# Building new spell checker



## Pander (Jun 12, 2018)

We are developing a new spell checker Nuspell. This a pure C++ implementation and the successor to Hunspell, while supporting existing Hunspell language files. Nuspell is supported by Mozilla and will find its way into browsers, text editors and IDEs, but it has also a shared library and command line tool that is used by other services.

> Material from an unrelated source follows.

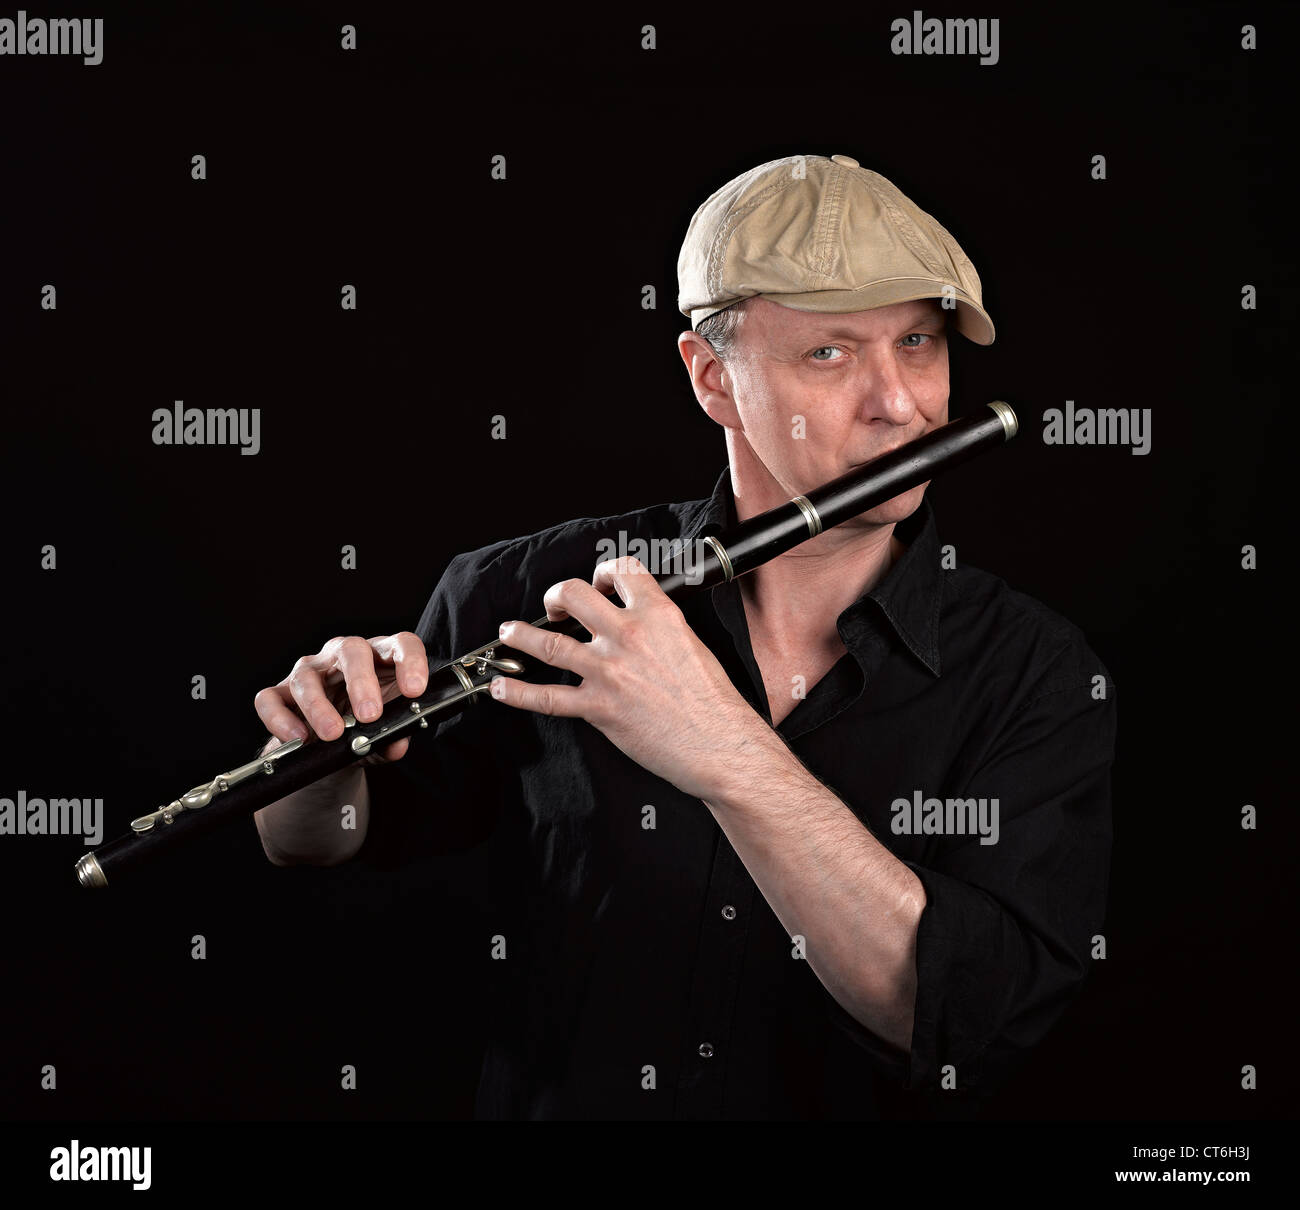 Portrait of a man playing ols wooden transverse flute, isolated on black Stock Photo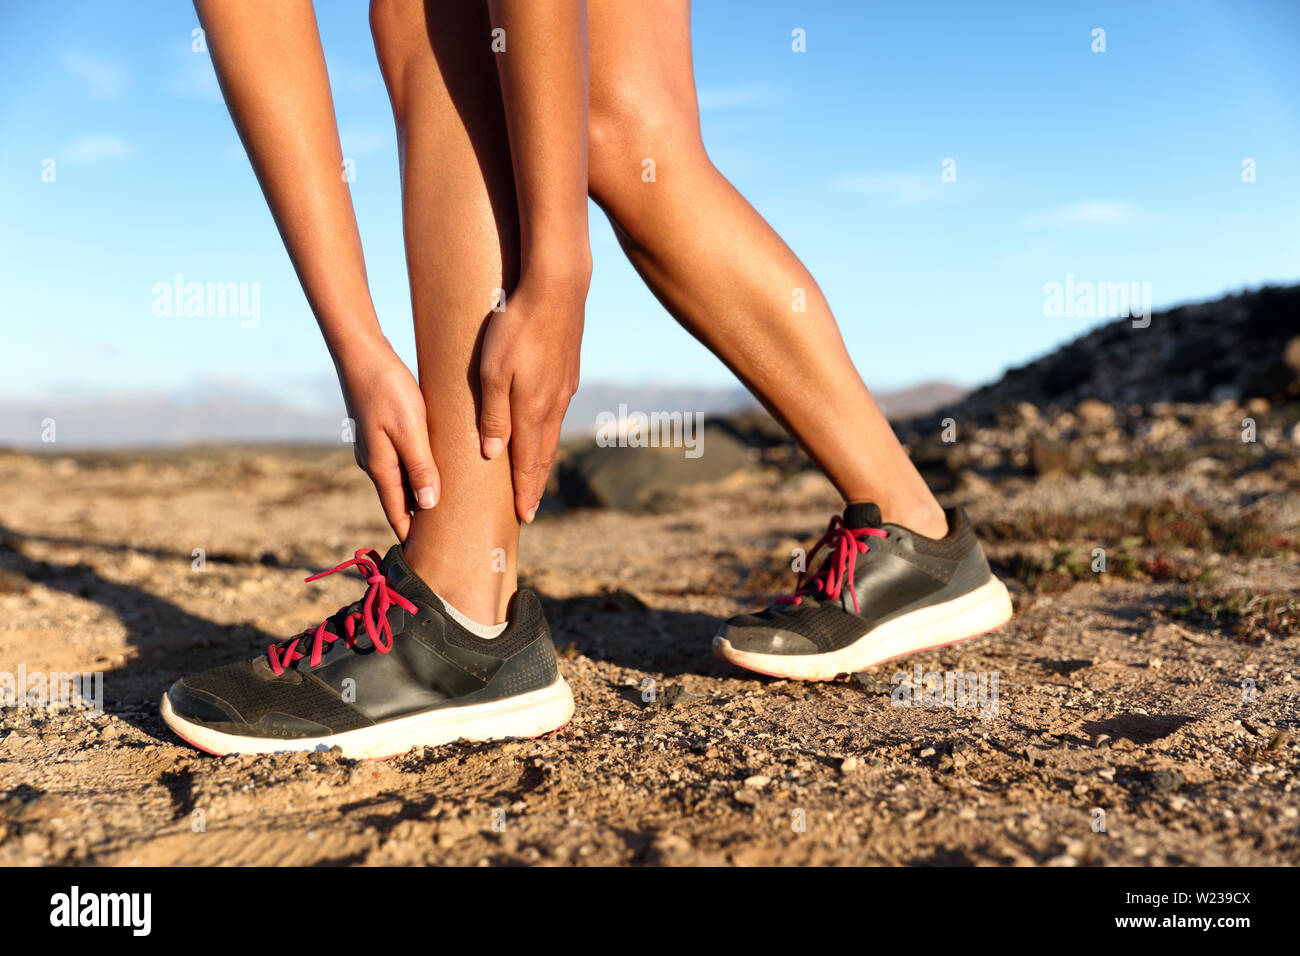 Runner woman with hurt ankles in pain during marathon. Athlete woman running outside with body injury. Sprained ankle on trail run in summer outdoors nature. Fitness leg accident on cardio workout. Stock Photo

Of course we would like it to run on FreeBSD too. We have started building on FreeBSD but have run into a small issue. Hopefully someone from the FreeBSD community can help with https://github.com/hunspell/nuspell/issues/15

For more project updates on Nuspell, see:

https://github.com/hunspell/nuspell
https://www.facebook.com/nuspell
https://twitter.com/nuspell1


----------



## cpm@ (Jun 13, 2018)

textproc/nuspell  is ready to be tested.

https://github.com/cpu82/nuspell

Subsequently after having a positive review I'll commit nuspell to the ports tree.


----------



## Pander (Jun 13, 2018)

Thank you for you help. Please note that Nuspell is still in development. Only include its port in the stable repositories once version 2.0 has been released officially.


----------



## cpm@ (Jun 14, 2018)

Pander said:


> Thank you for you help. Please note that Nuspell is still in development. Only include its port in the stable repositories once version 2.0 has been released officially.



I will keep it until the official release announcement.

Thanks


----------